Viquez Olga M, Valentine Holly L, Friedman David B, Olson Sandra J, Valentine William M
Department of Pathology, Department of Biochemistry and Center in Molecular Toxicology, Vanderbilt University Medical Center, Nashville, Tennessee 37232-2591, USA.
Chem Res Toxicol. 2007 Mar;20(3):370-9. doi: 10.1021/tx6003453. Epub 2007 Feb 27.
Human exposure to dithiocarbamates results from their uses as pesticides, in manufacturing, and as pharmaceutical agents. Neurotoxicity is an established hazard of dithiocarbamate exposure and has been observed in both humans and experimental animals. Previous studies have shown that the neurotoxicity of certain dithiocarbamates, including N,N-diethyldithiocarbamate (DEDC), disulfiram, and pyrrolidine dithiocarbamate, can manifest as a primary myelinopathy of peripheral nerves. Because increased levels of copper in peripheral nerves and elevated levels of lipid peroxidation products accompany DEDC-induced lesions, it has been suggested that the disruption of copper homeostasis and increased oxidative stress may contribute to myelin injury. To further assess the biological impact of DEDC-mediated lipid peroxidation in nerves, the changes in protein expression levels resulting from DEDC exposure were determined. In addition, protein carbonyl content in peripheral nerves was also determined as an initial assessment of protein oxidative damage in DEDC neuropathy. Rats were exposed to DEDC by intra-abdominal osmotic pumps for eight weeks and proteins extracted from the sciatic nerves of DEDC-exposed animals and from non-exposed controls. The comparison of protein expression levels using two-dimensional difference gel electrophoresis demonstrated significant changes in 56 spots of which 46 were identified by MALDI-TOF/MS. Among the proteins showing increased expression were three isoforms of glutathione transferase, important for the detoxification of reactive alpha,beta-unsaturated aldehydes generated from lipid peroxidation. The increased expression of one isoform, glutathione transferase pi, was localized to the cytoplasm of Schwann cells using immunohistochemistry. An immunoassay for nerve protein carbonyls demonstrated a significant increase of approximately 2-fold for the proteins isolated from DEDC-exposed rats. These data support the ability of DEDC to promote protein oxidative damage in peripheral nerves and to produce sufficient lipid peroxidation in either myelin or another component of the Schwann cell to elicit a protective cellular response to oxidative stress.

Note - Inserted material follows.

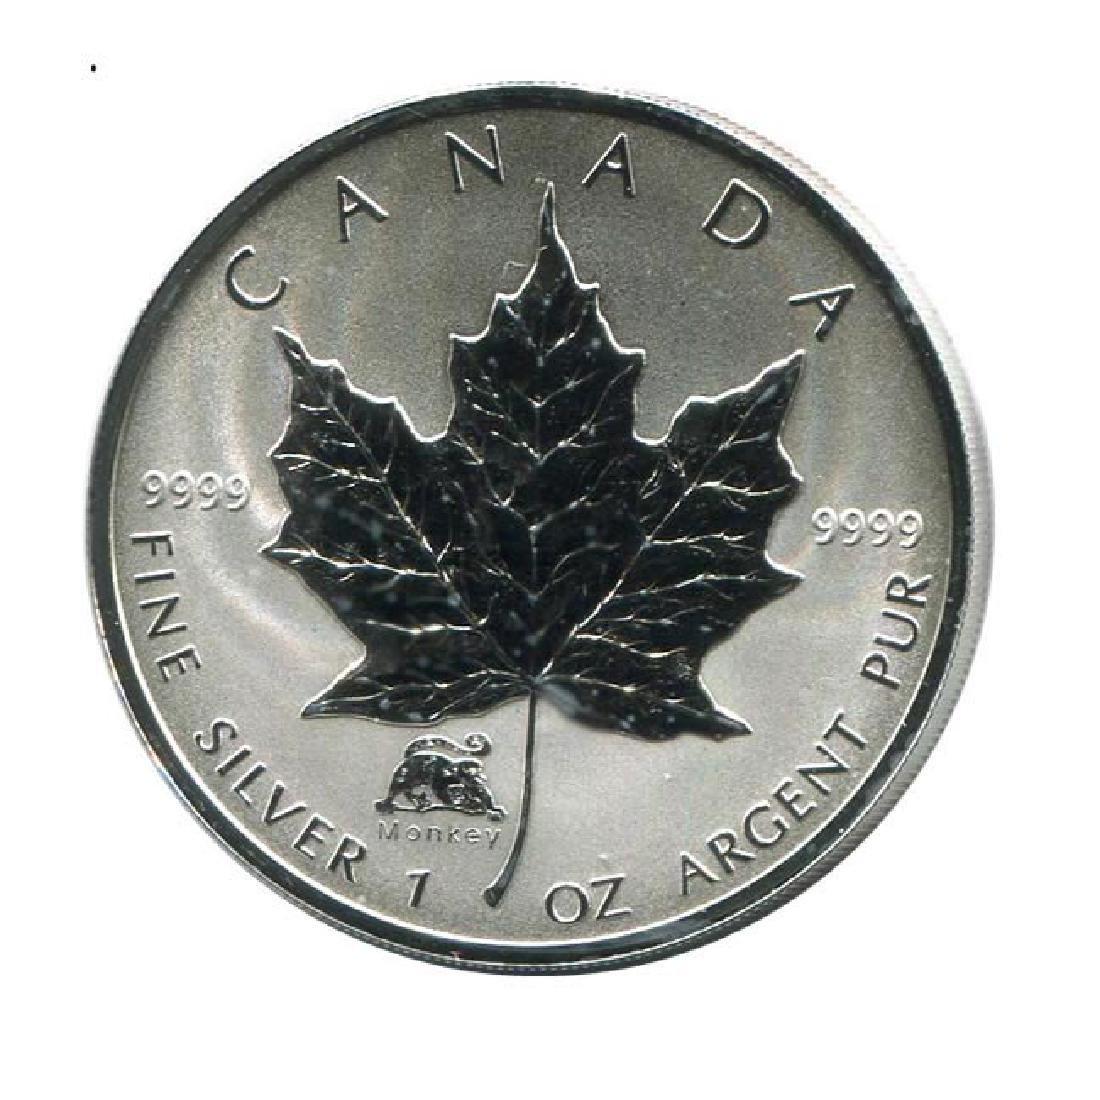 2004 Canada 1 oz. Silver Maple Leaf Reverse Proof Monke

人类接触二硫代氨基甲酸盐源于其作为农药、在制造业以及作为药剂的用途。神经毒性是二硫代氨基甲酸盐接触已确定的危害,在人类和实验动物中均有观察到。先前的研究表明,某些二硫代氨基甲酸盐,包括N,N - 二乙基二硫代氨基甲酸盐(DEDC)、双硫仑和吡咯烷二硫代氨基甲酸盐的神经毒性,可表现为外周神经的原发性髓鞘病。由于外周神经中铜水平升高以及脂质过氧化产物水平升高伴随着DEDC诱导的损伤,有人提出铜稳态的破坏和氧化应激增加可能导致髓鞘损伤。为了进一步评估DEDC介导的脂质过氧化在神经中的生物学影响,确定了DEDC暴露导致的蛋白质表达水平变化。此外,还测定了外周神经中的蛋白质羰基含量,作为对DEDC神经病中蛋白质氧化损伤的初步评估。通过腹腔内渗透泵将大鼠暴露于DEDC八周,然后从暴露于DEDC的动物和未暴露的对照的坐骨神经中提取蛋白质。使用二维差异凝胶电泳比较蛋白质表达水平,结果显示56个斑点有显著变化,其中46个通过基质辅助激光解吸电离飞行时间质谱(MALDI - TOF/MS)鉴定。表达增加的蛋白质中有三种谷胱甘肽转移酶同工型,它们对于脂质过氧化产生的活性α,β - 不饱和醛的解毒很重要。使用免疫组织化学方法,其中一种同工型谷胱甘肽转移酶pi的表达增加定位于雪旺细胞的细胞质中。一项针对神经蛋白质羰基的免疫测定表明,从暴露于DEDC的大鼠中分离出的蛋白质羰基含量显著增加了约2倍。这些数据支持DEDC促进外周神经中蛋白质氧化损伤以及在髓鞘或雪旺细胞的其他成分中产生足够脂质过氧化以引发对氧化应激的保护性细胞反应的能力。